- Directed by: Michaël R. Roskam
- Written by: Bernard Falaise; Domenico La Porta; Michaël R. Roskam;
- Produced by: Frakas Productions; Groupe Rossel; Rectangle Productions; Goodfellas; Harbor Men Pictures;
- Starring: Arieh Worthalter; François Damiens; Bouli Lanners; Mélanie Thierry; Mara Taquin;
- Cinematography: Jordan Vanschel
- Edited by: Nelly Quettier
- Music by: Chassol
- Production companies: Frakas Productions; Rectangle Productions;
- Release date: September 11, 2026 (TIFF);
- Running time: 133 minutes
- Countries: Belgium; France;
- Language: French

= Le Faux Soir =

Le Faux Soir is an upcoming Belgian historical drama film directed by Michael R. Roskam.The film is an adaptation of Marie Istas's book Le "Faux" Soir : 9 novembre 1943 (The False Evening: November 9, 1943) and depicts the activities of the Belgian resistance during World War II.

==Premise==

In November 1943, Belgian Resistance fighters launched a groundbreaking psychological warfare operation by publishing Faux Soir. They distributed a satirical replica of Le Soir, Belgium's leading daily newspaper, which had been seized as a tool of German propaganda.

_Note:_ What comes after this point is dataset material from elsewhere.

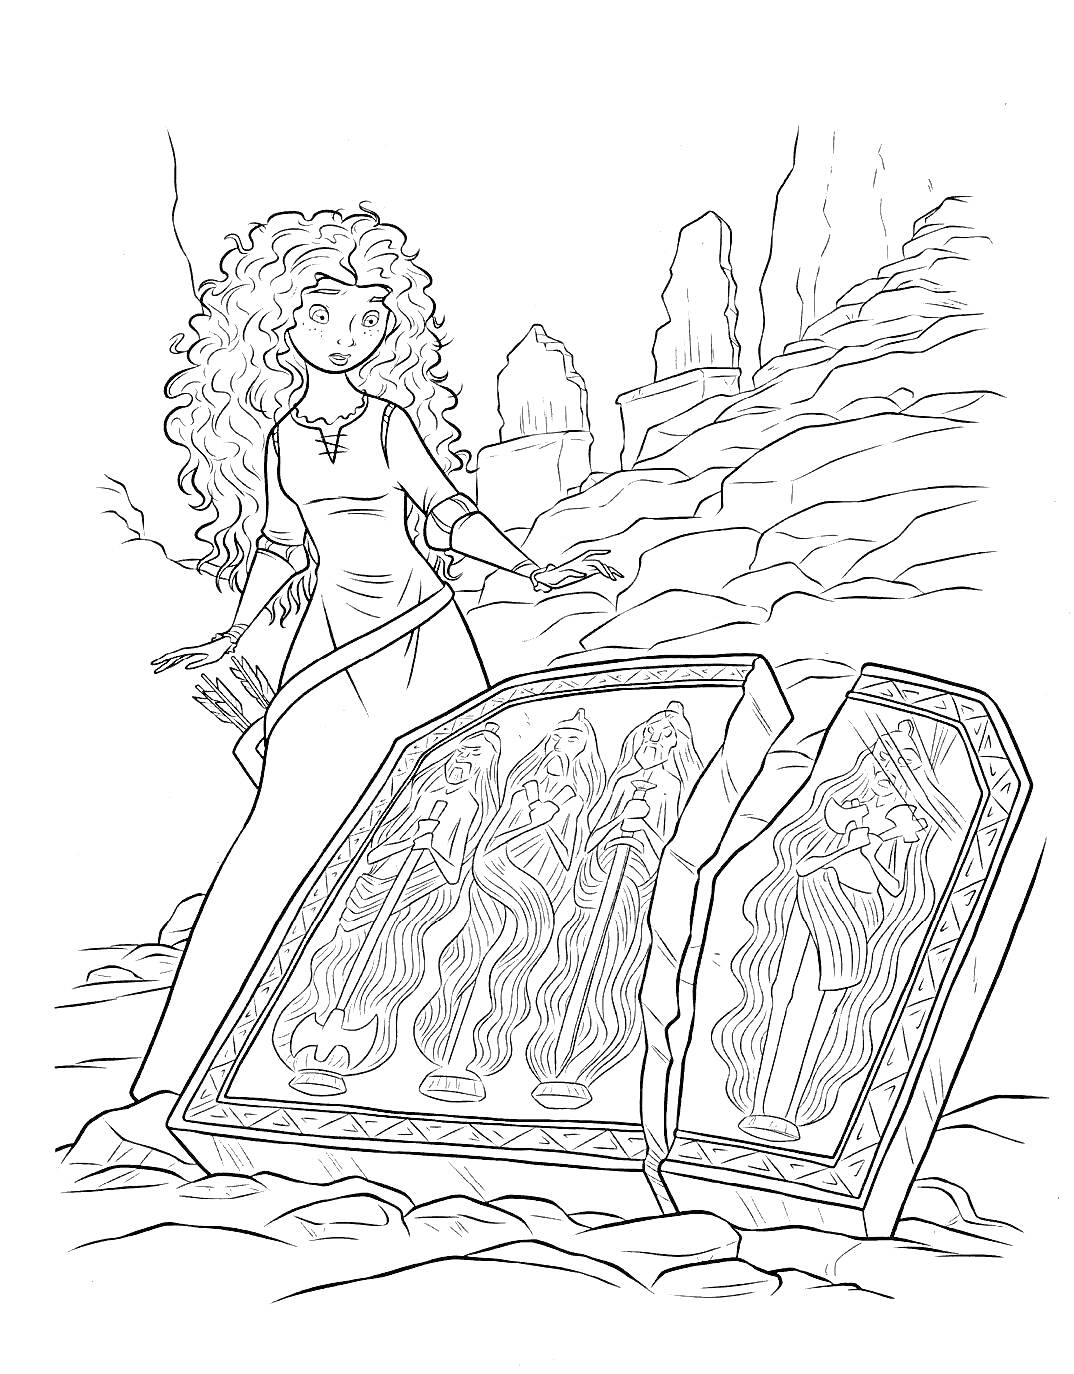 Раскраска Девушка с длинными вьющимися волосами перед сломанной каменной плитой с изображением трёх фигур

This audacious stunt widely recognized as history's first media hack aimed to humiliate the German occupiers and ignite public defiance. The parody newspaper electrified occupied Europe, providing a massive boost to civilian morale. Its success echoed all the way to London, prompting Prime Minister of the United Kingdom Winston Churchill to personally congratulate journalist and resistance leader Marc Aubrion for masterminding the operation.

== Cast ==
- Arieh Worthalter as Marc 'Yvon' Aubrion
- François Damiens
- Bouli Lanners
- Mélanie Thierry
- Karim Leklou
- Peter Van Den Begin
- Alexis Manenti
- Laurent Capelluto
- Yolande Moreau
- Viviane de Muynck

==Production==

===Casting===

To make the film a reality, the production has recruited over 1,000 extras, including a significant number of young people.

===Filming===

The film was shot in Brussels, Ghent and Mons.

== Release ==

The film will have its world premiere at the 51st Toronto International Film Festival in the Special Presentations section on 11 September 2026.

It will have its European premiere at the 74th San Sebastián International Film Festival on 26 September 2026 as closing film.

The film will be released in Belgium on 2 December 2026.
.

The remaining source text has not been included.